Write out the listing below without alteration, omitting its pictures.

» **DATA SEGMENT**
════════
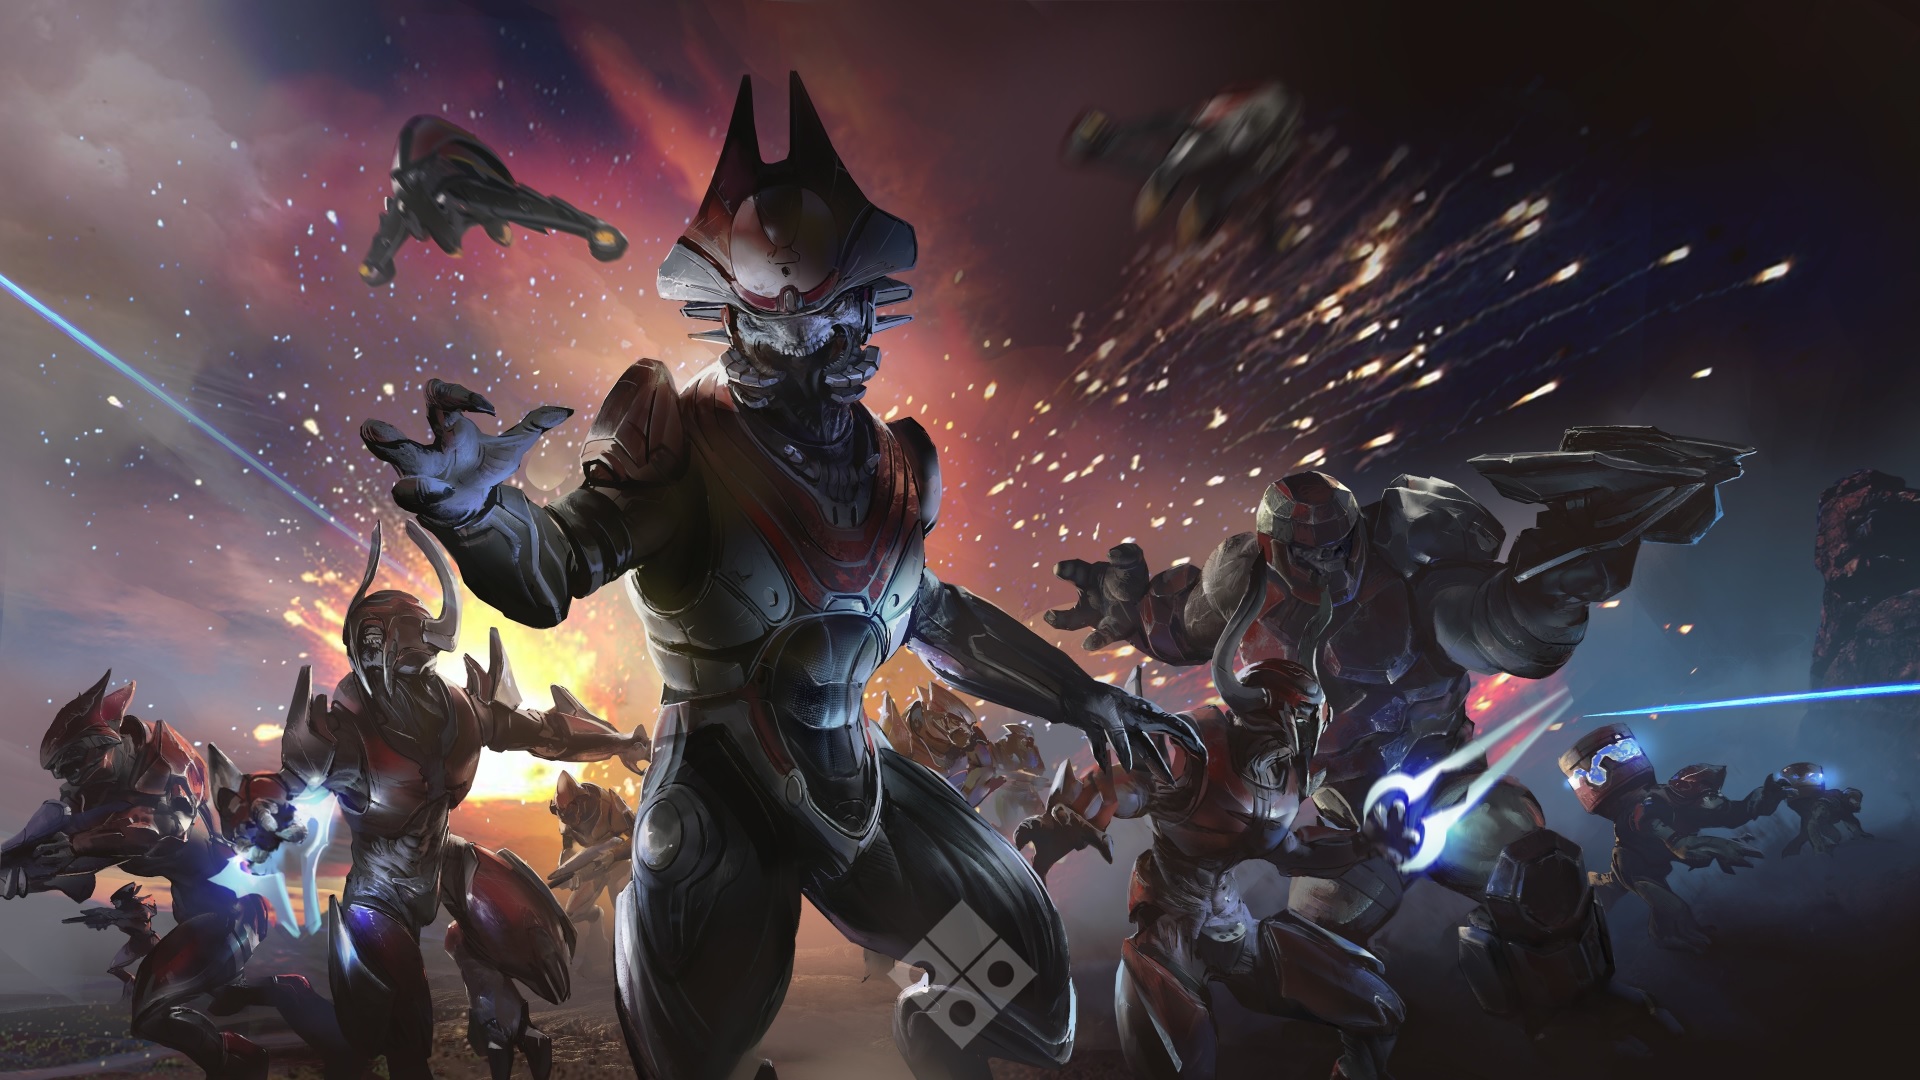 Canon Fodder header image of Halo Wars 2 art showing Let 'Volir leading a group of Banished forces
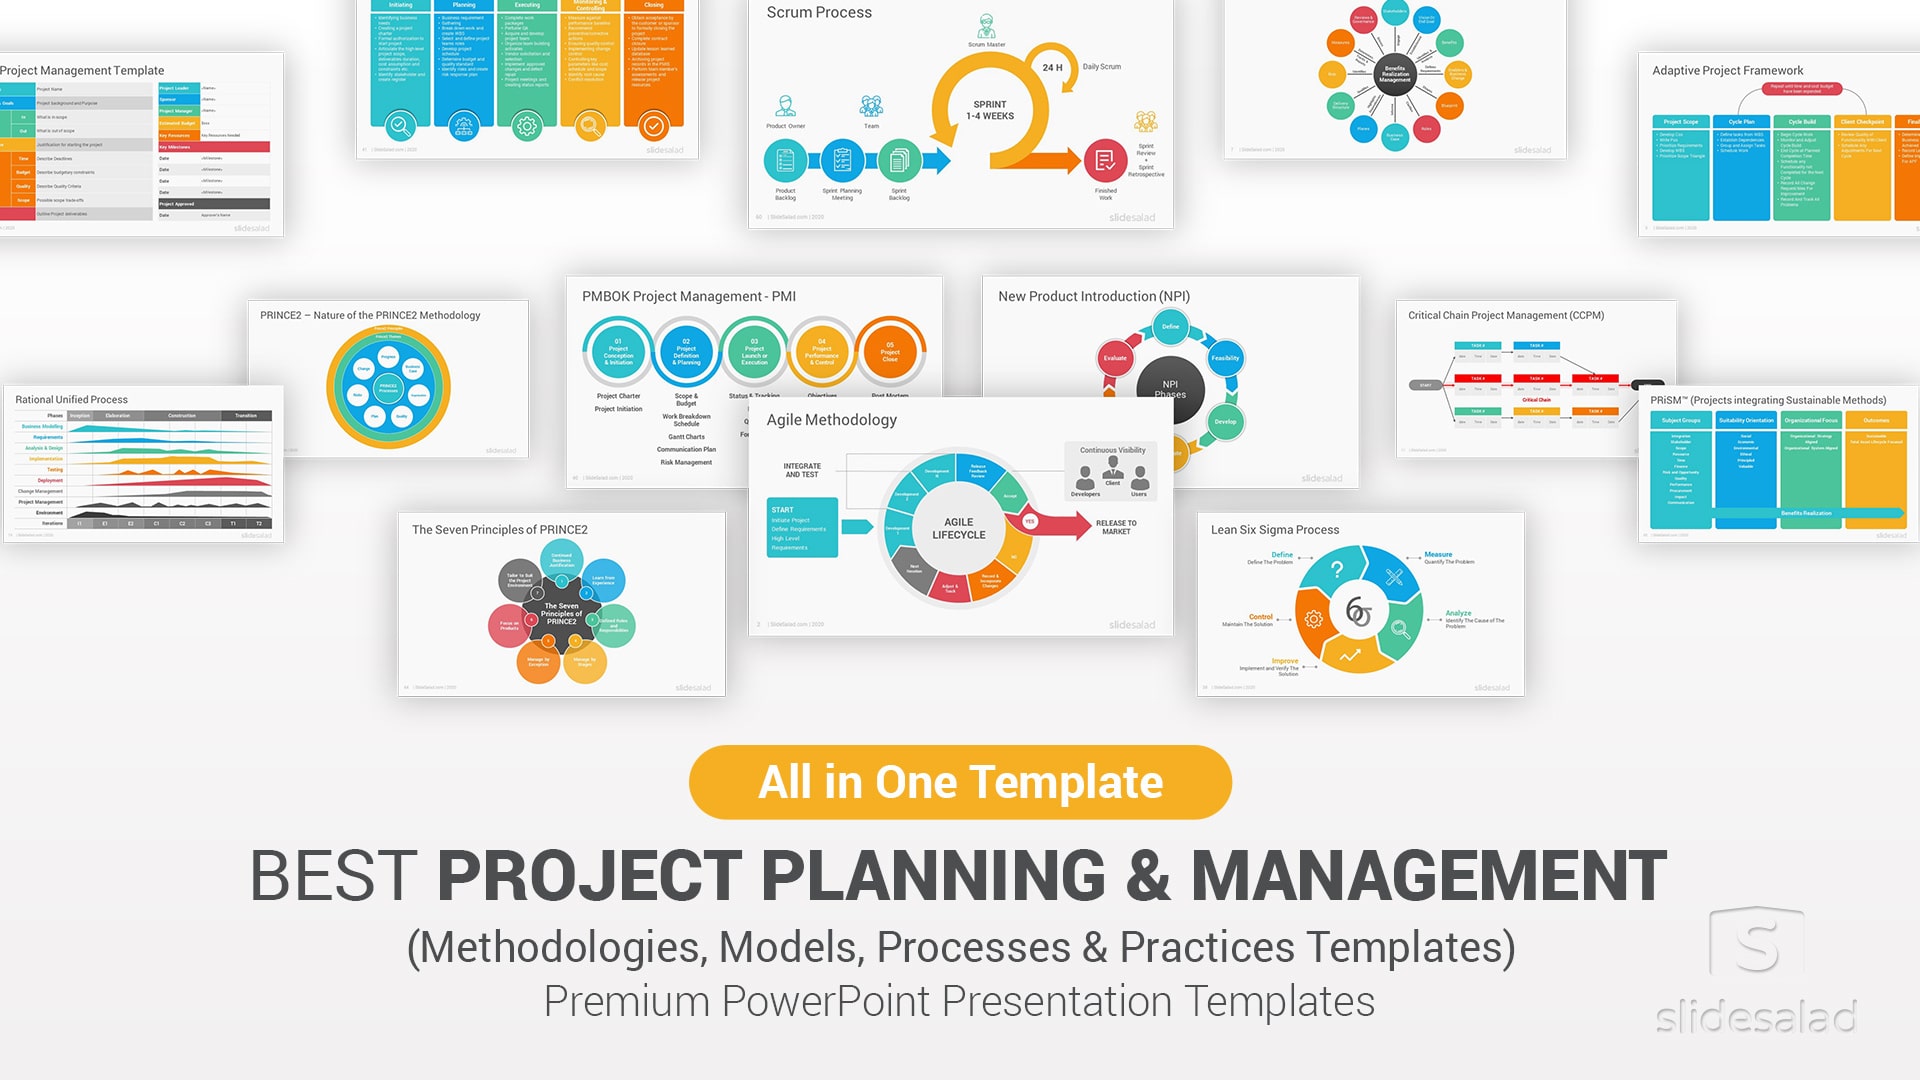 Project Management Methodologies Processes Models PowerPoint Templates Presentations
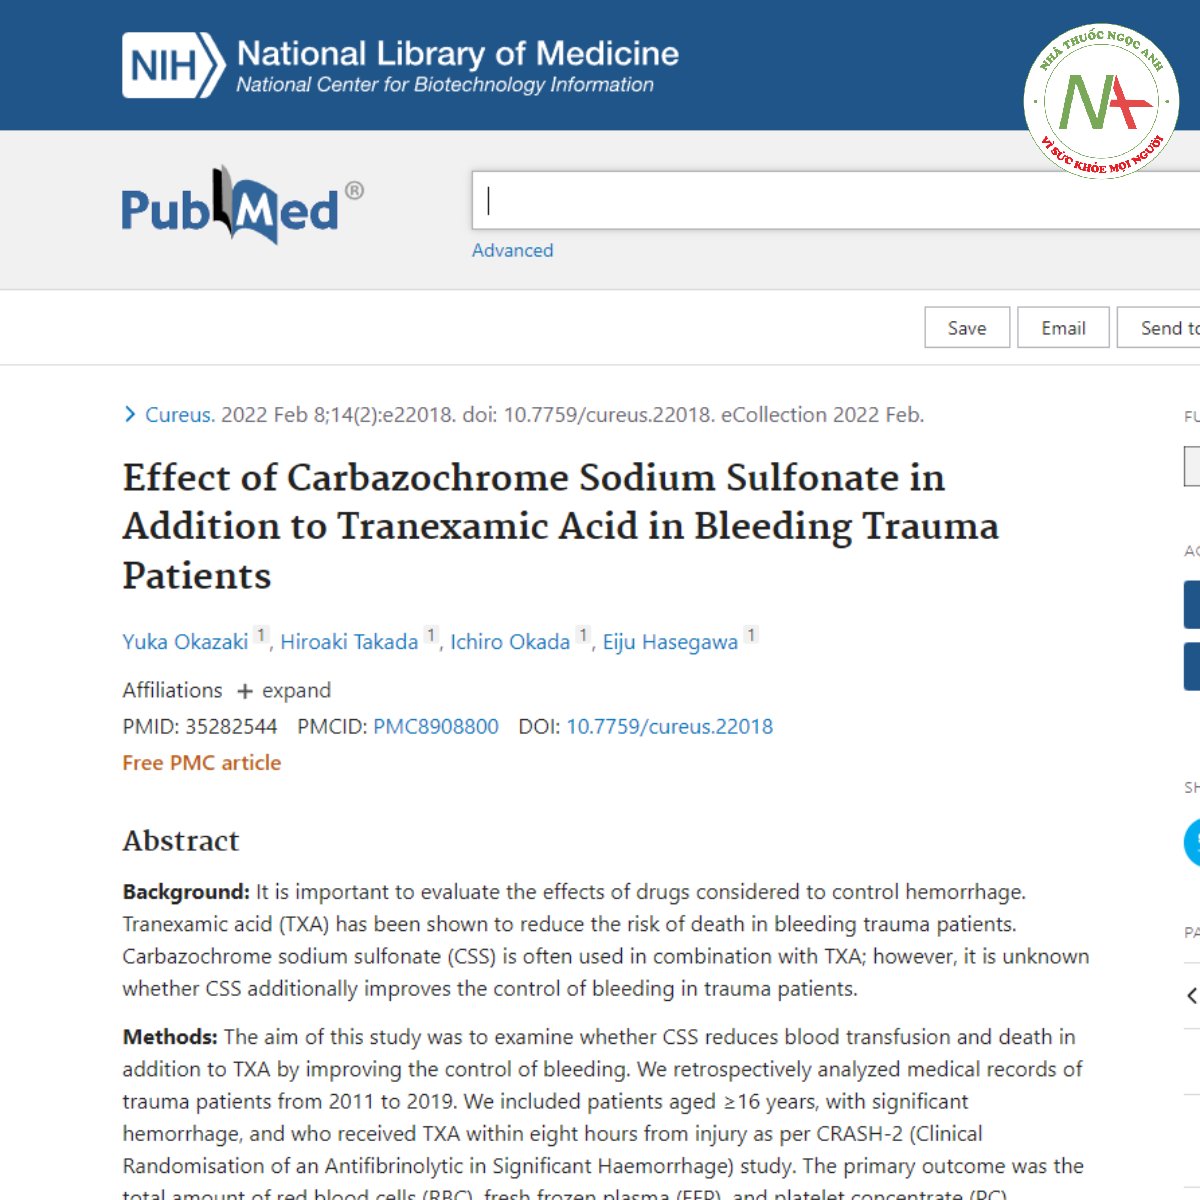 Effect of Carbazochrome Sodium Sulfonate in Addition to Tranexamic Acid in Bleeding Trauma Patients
════════
» **COMPLETED TASK**
 Canon Fodder header image of Halo Wars 2 art showing Let 'Volir leading a group of Banished forces
 Project Management Methodologies Processes Models PowerPoint Templates Presentations
 Effect of Carbazochrome Sodium Sulfonate in Addition to Tranexamic Acid in Bleeding Trauma Patients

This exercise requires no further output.